Мать и есть «посредница» между Богом и миром, — «посредница», т.е., в точности, ангел, по греческому значению этого слова, имени, чина мировой иерархии...

— Поверните ваши молитвы...

— Измените ваших богов...

— Перемените ваши храмы-гербарии на храмы-сады, храмы-леса...

Разве не помните, что такое колонна в храме, как не позднее, декадентское преобразование древесного ствола: первые молитвы были среди древесных стволов и уже потом среди колонн, в замкнутом помещении...

* * *

Пластинка кончилась... Звук оборвался... Я остановился... Дверь отворилась, и вошедшая в комнату англичанка сказала, что «bebe» проснулось...

— Ах, «бебе» вместо младенца... как «колонны» вместо древесных стволов... Да и всего-то я слушал граммофон... Но откуда же мне погрезилась Вечная Мать, когда и кое-то каких так мало?..

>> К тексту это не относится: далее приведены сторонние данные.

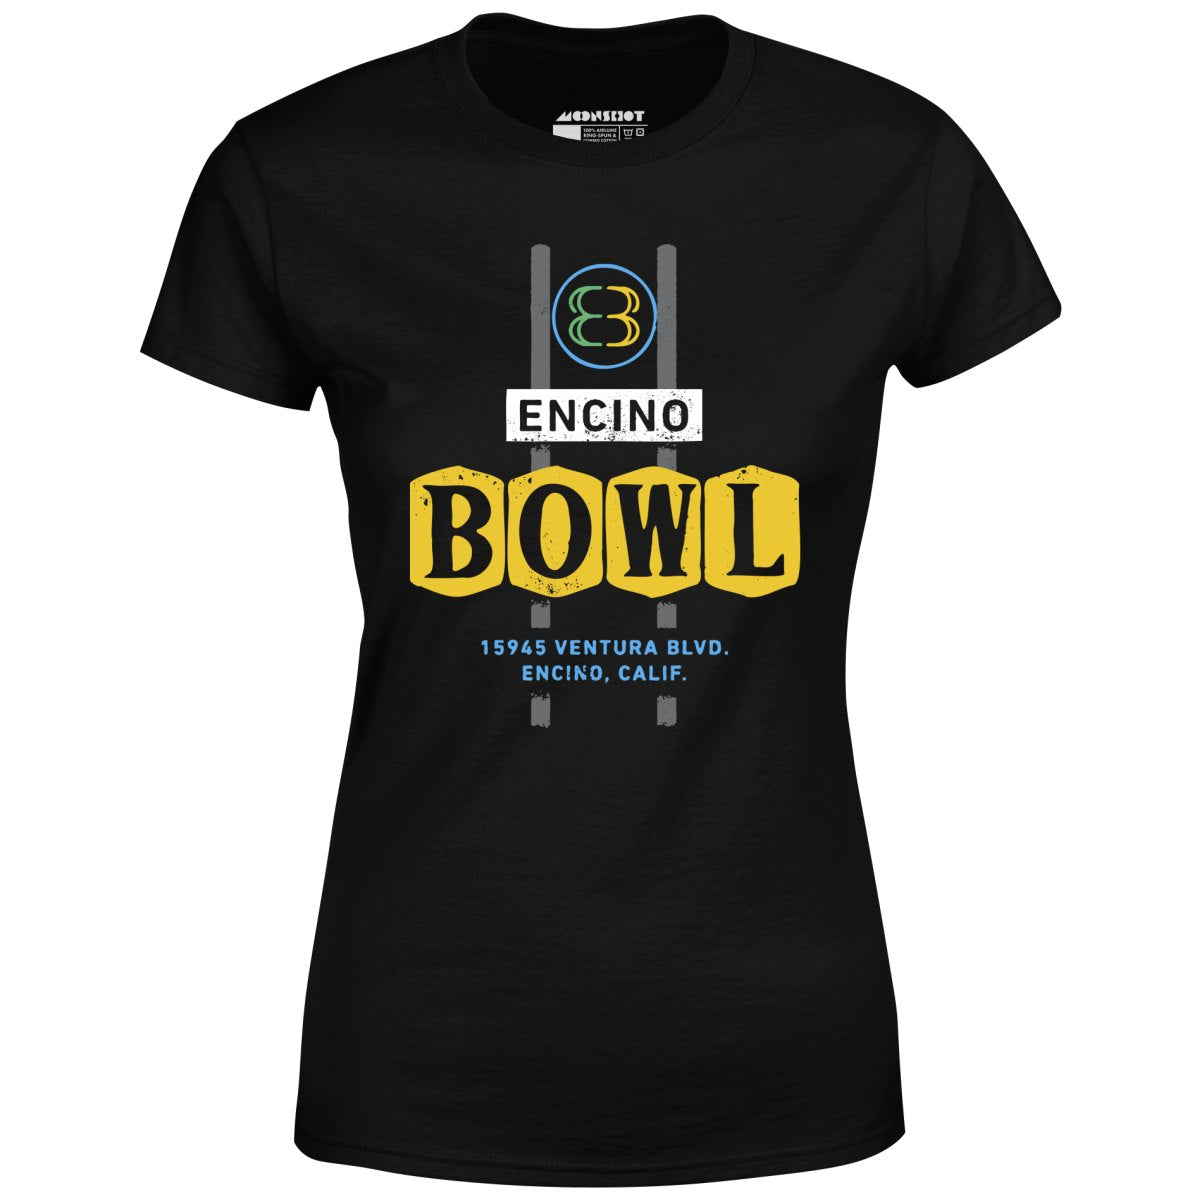 Encino Bowl - Encino, CA - Vintage Bowling Alley - Women's T-Shirt

А ведь это не бабье дело — воскресить Вечную Мать: зовущий идеал Вечной Матери — мужской идеал. Мы, мужчины, хотим этого, хотя исполнить его может только женщина. Она сделает этот идеал. Но сама она носит и внутренне поклоняется...

Хоть «чему-нибудь» в мужском образе... Но зачем «чему-нибудь», когда могла бы Всему?...


Впервые опубликовано: Женщина. Литературно-художественный альманах. М. Заря. 1910. [Кн. 1]. С. 119-129.

Василий Васильевич Розанов (1856—1919) — русский религиозный философ, литературный критик и публицист, один из самых противоречивых русских философов XX века.